I have been haunted ever since I read the story that Lisa Goes wrote for “Age of Autism” about Alex Spourdalakis. (If you did not hear about this story, please click here to read.) Many times I’ve tried to erase the image of the naked, fourteen-year-old, non-verbal boy with all four limbs shackled in a Chicago hospital and red splotches all over his body.
But, I can’t.
The story of this courageous mother and the battle that she and her autistic son faced for 34 days in a United States healthcare facility makes my heart hurt and leaves a sick feeling in my stomach. It also makes me long for the day that conventional medicine and biomedical converge and start collaborating together. I pray for a day when it is no longer us versus them. And when that day comes, great things will happen.
I think the great English nurse Florence Nightingale would agree with this sentiment because one of her greatest quotes is:
Earlier this month, marked the birthday of this heroine who is known for the strides she made in healthcare reform. Nightingale knew at an early age that nursing was her calling and rejected the Victorian Era notion that ladies should marry a well-to-do man and settle into a life of complacency.
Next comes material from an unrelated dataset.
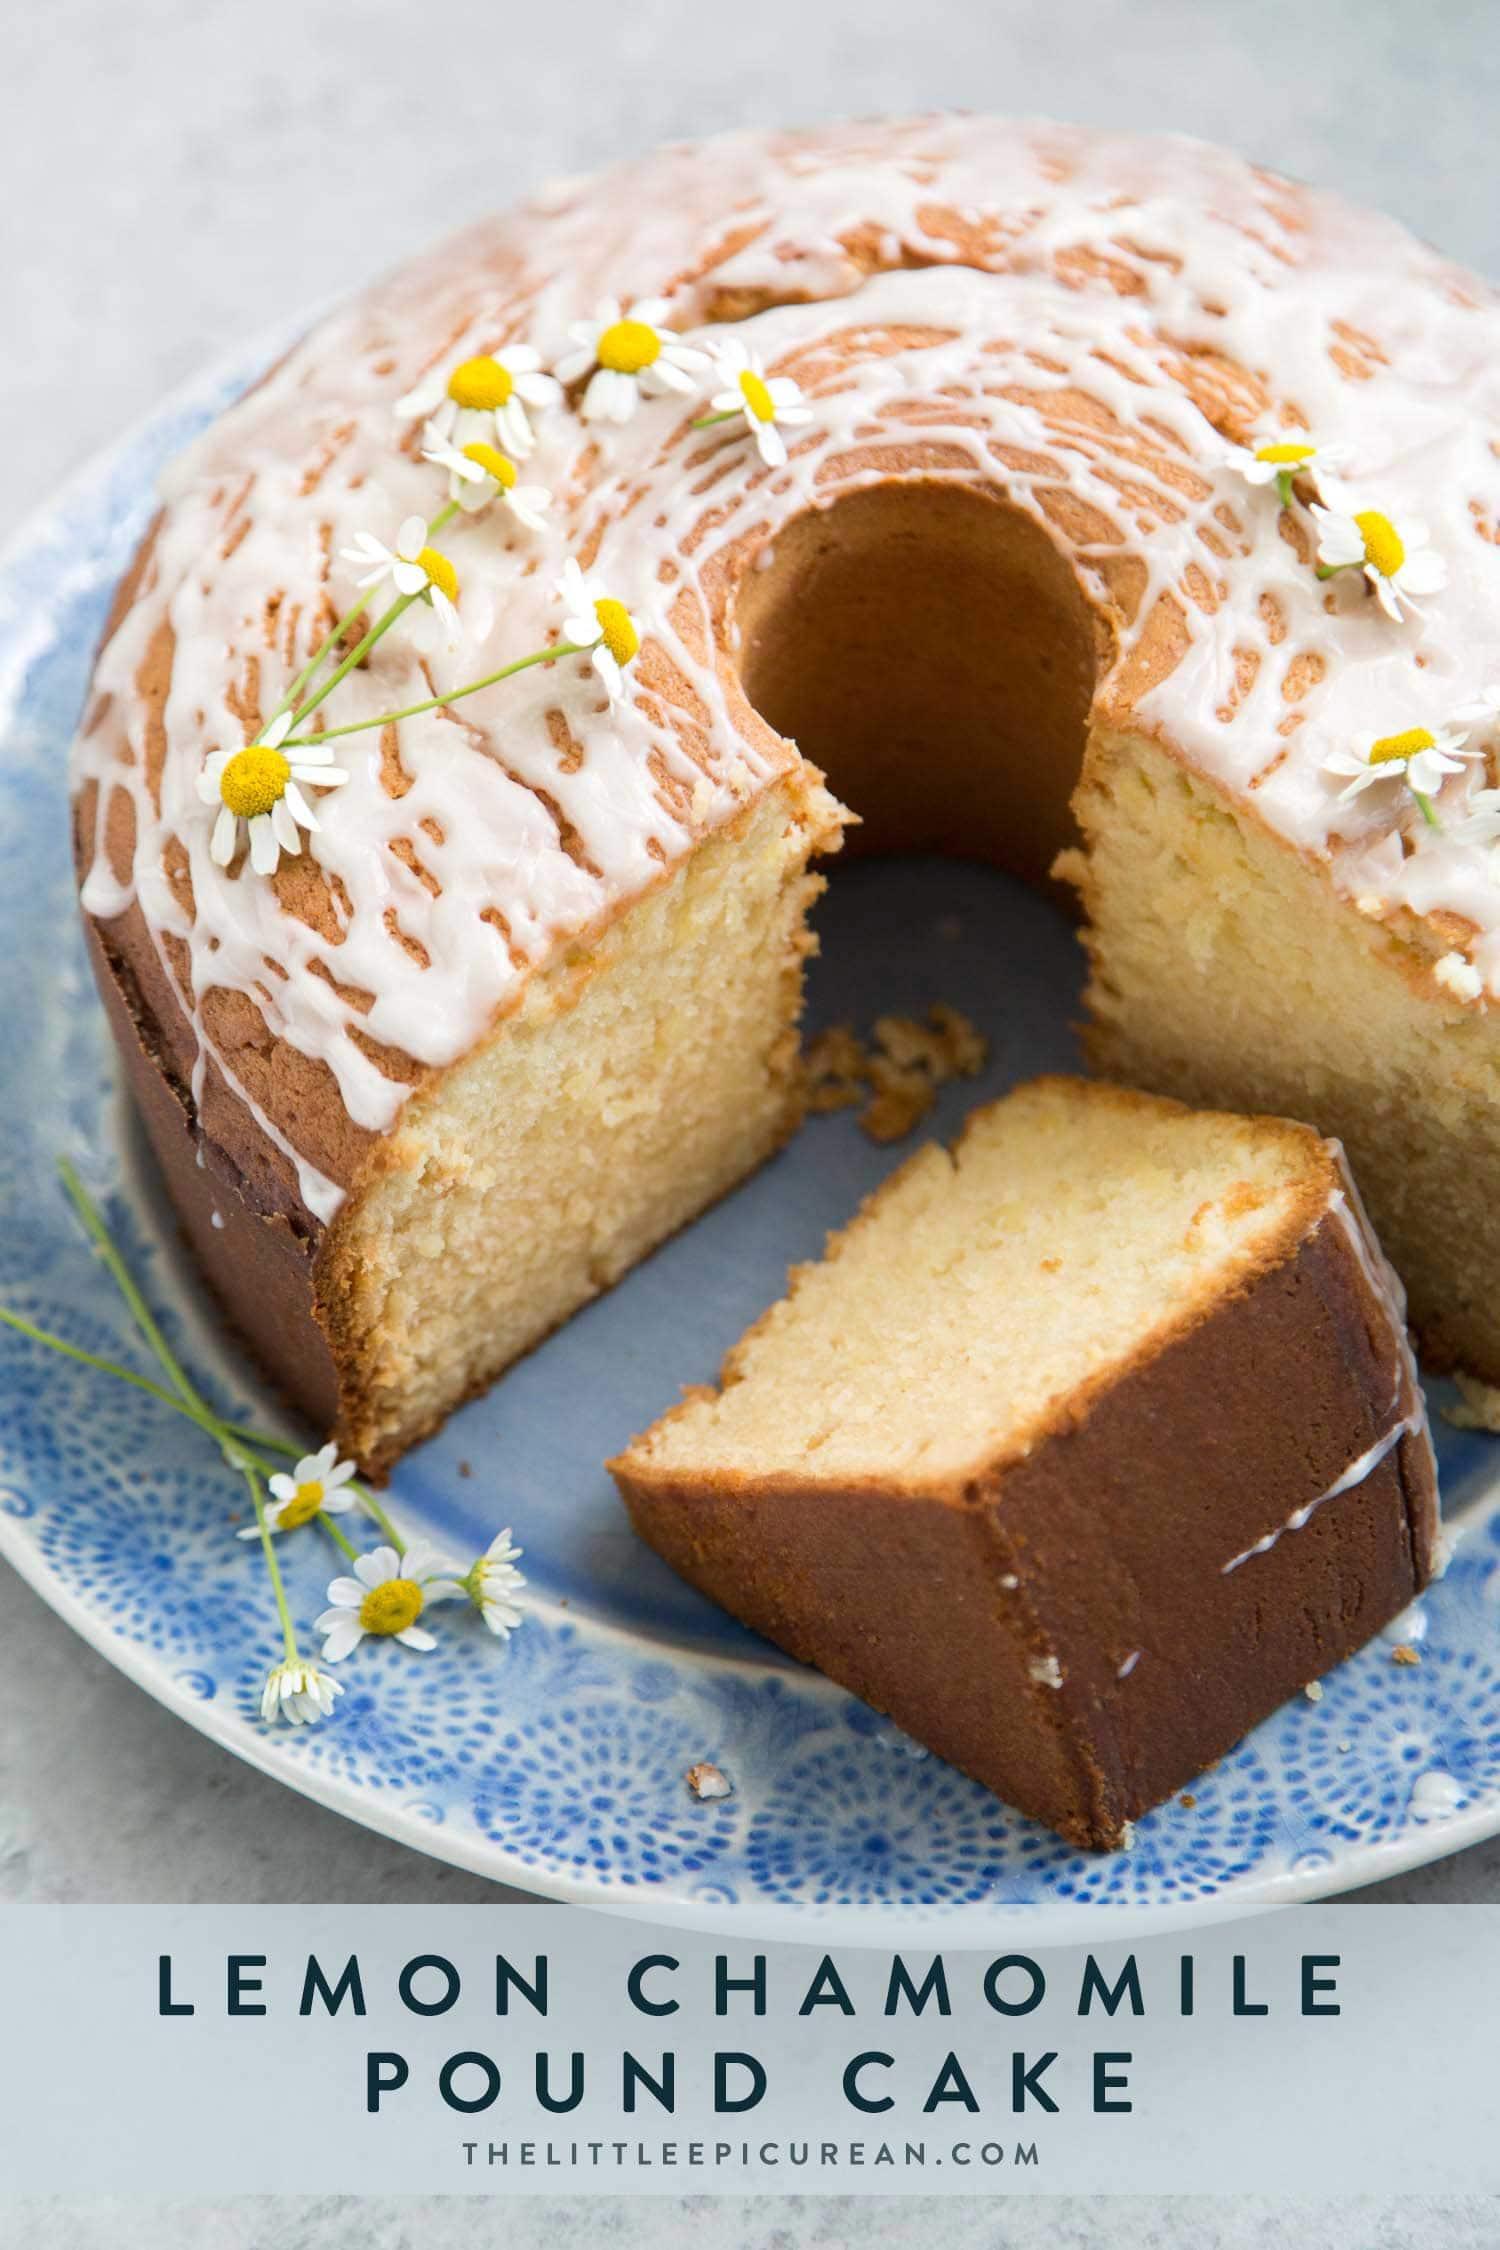 Lemon Chamomile Pound Cake

She was smart and strong-willed and changed the way society viewed nurses. What I love about her story is that she essentially did it single-handedly. She didn’t adhere to traditional beliefs, she worked hard to educate herself, and she built a stellar reputation. Because of this, in 1854 when 18,000 wounded soldiers were admitted into military hospitals devoid of nurses during the Crimean War, she was called in to the rescue.
She gathered a team of 34 nurses and days later, they were on a ship to Crimea. She arrived to horrific sanitary conditions and men who were dying more from infectious diseases than from the injuries that had put them in the hospital to begin with.
What did she do?
For one, she made a name for herself … “The Lady with the Lamp.” Nightingale earned this title because she spent every waking moment tending to the soldiers and would work into the wee hours of the night, walking down the dark hallways, lamp in hand to light her way.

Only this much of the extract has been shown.